Just what the title says: 

Puppies: 5 weeks old










4 Puppies showing off their chubby paws: 










Adorable stocking stuffers!

AKC registered Great Pyrenees, Karolaska bloodlines. 

3 males and 3 females still available!


----------



## farmmom (Jan 4, 2009)

Too cute!!


----------



## missythemom (May 11, 2010)

I wish you weren't so far away! They are so cute


----------



## Oat Bucket Farm (Jul 28, 2006)

So cute!


----------



## BackfourtyMI. (Sep 3, 2007)

OMG! Those are the cutest puppy pictures I've seen in a long time & I sure would Love to have one! Just wish dh wished I had one too!


----------



## HappyFarmer (Jun 17, 2006)

You had to post them, huh? Too...Darn....Cute....

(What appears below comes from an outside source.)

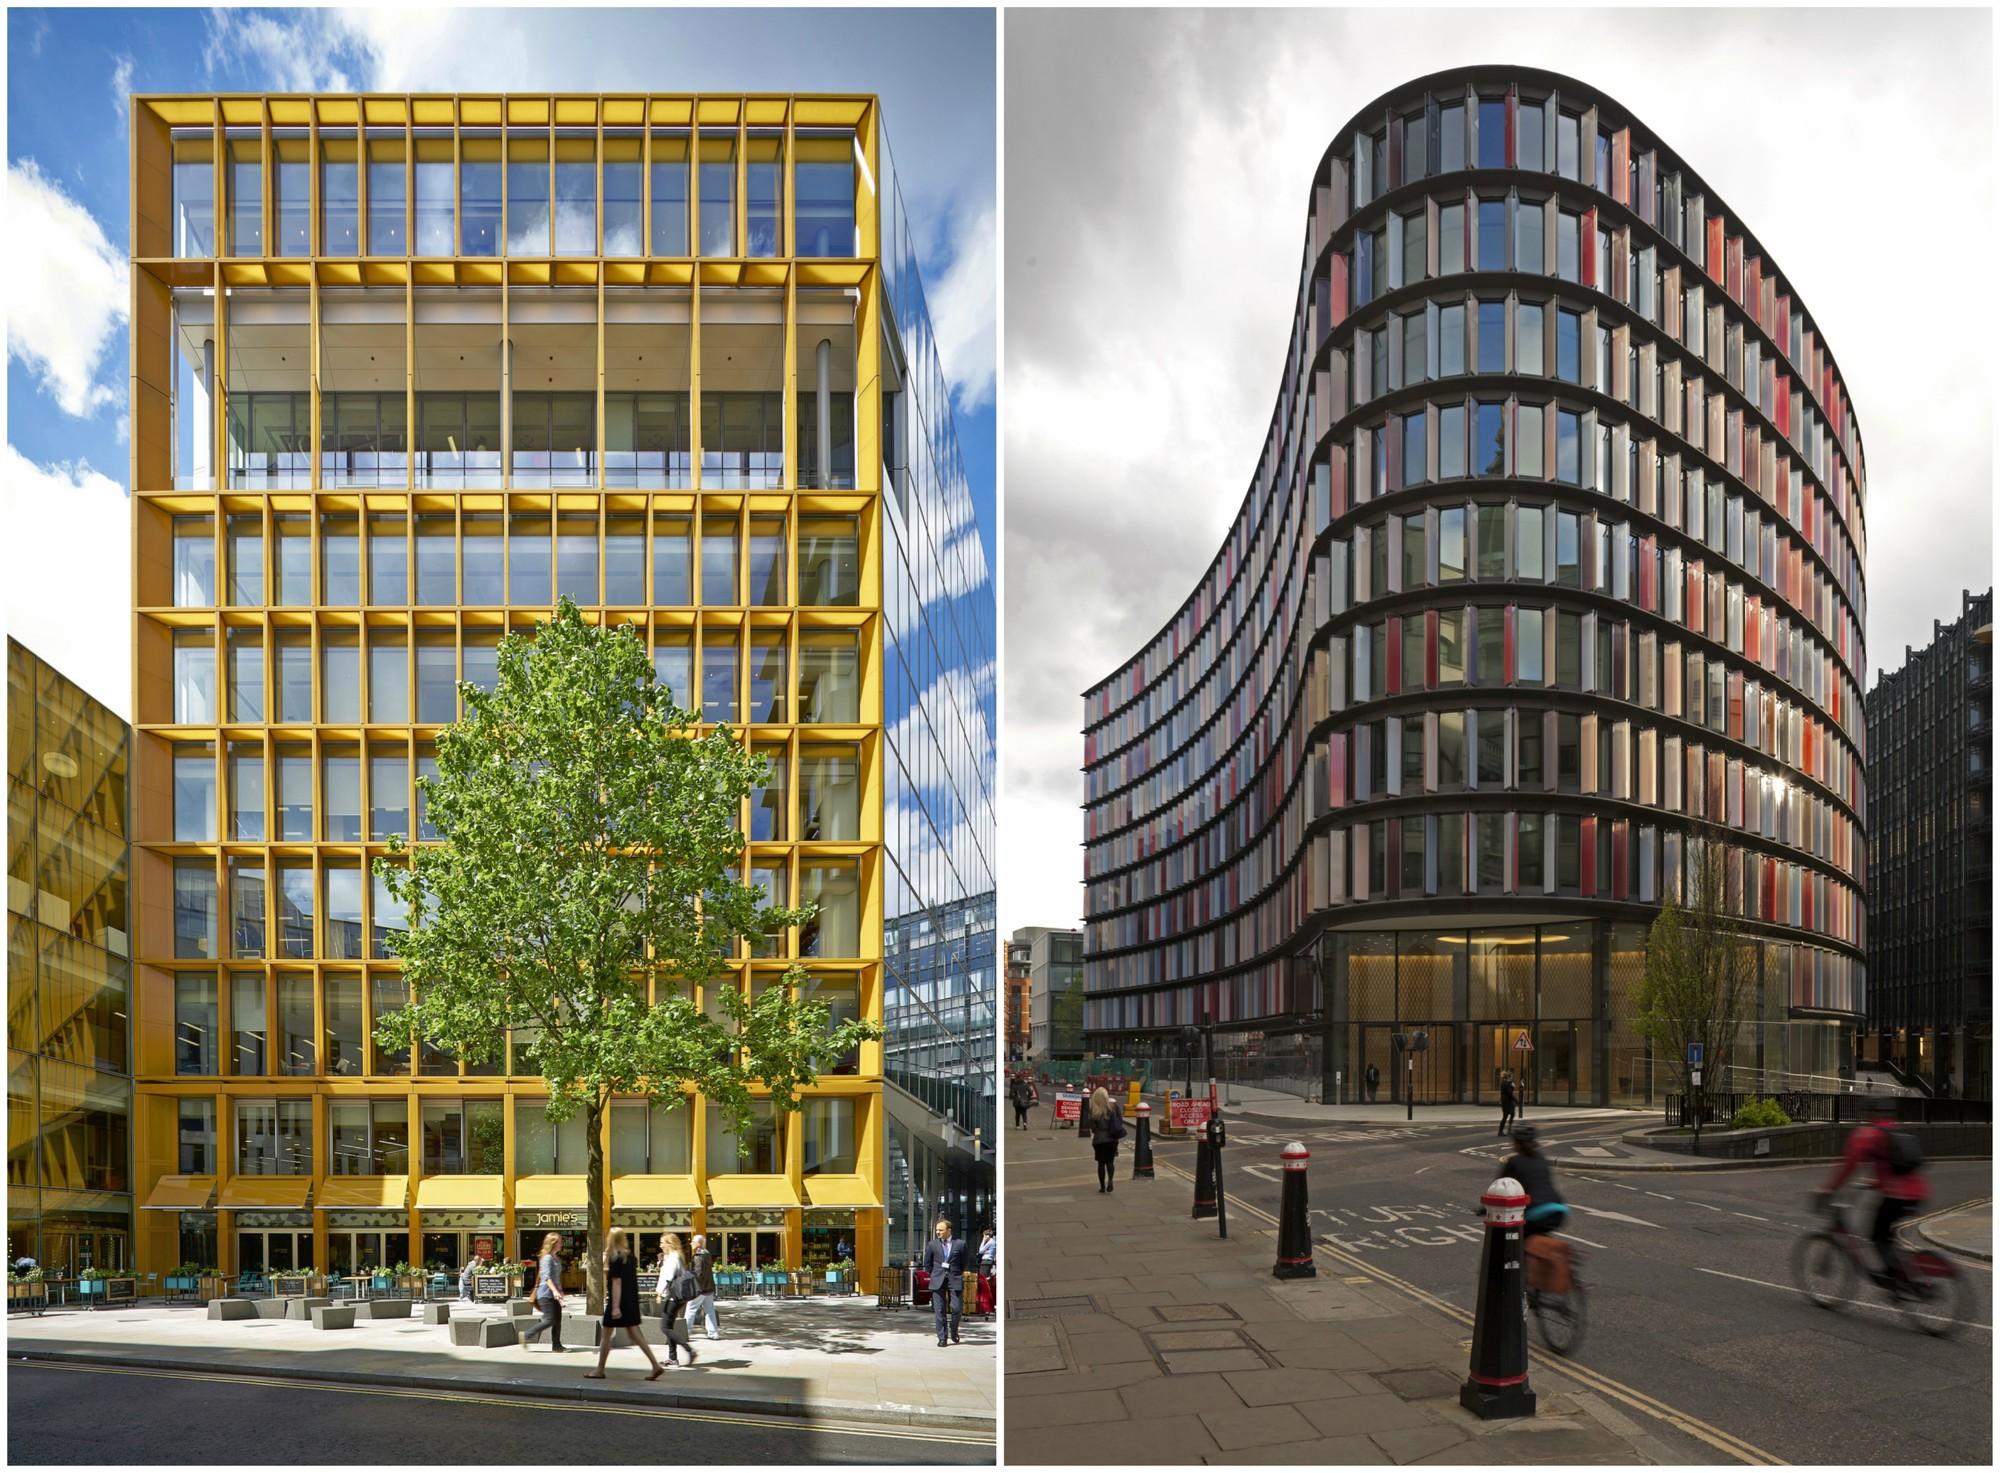 City of London Building Award 2016 Winners Announced

I'm longing for another pyr, but we have enough for now. Our next will be a badger faced, not for a few years though. I miss the pups we had...gosh those puffballs were the cutest ever.

HF


----------



## Minelson (Oct 16, 2007)

OMG!! Those pics are darling!! Frame them for sure


----------



## nehimama (Jun 18, 2005)

Even though I'm on dialup, I just HAD to open this thread to see those puppy pictures. IT WAS WORTH THE WAIT!

Nothing quite as cute as a Pyr puppy, unless it newborn kid goats. Love the second photo. It looks like the pup on the far right is actually SMILING.


----------



## Rainy (Jan 21, 2010)

Thank you for sharing them with us. I so need a uplifting today and those puppies sure did it. Many thanks.


----------



## bee (May 12, 2002)

I wish my place was dog fenced! Boy wouldn't that fix the critter problems...way, way adorable pups!!


----------



## wearegoats (Oct 16, 2011)

WOW, how cute, Are they ALL out of just 1 Mommy?


----------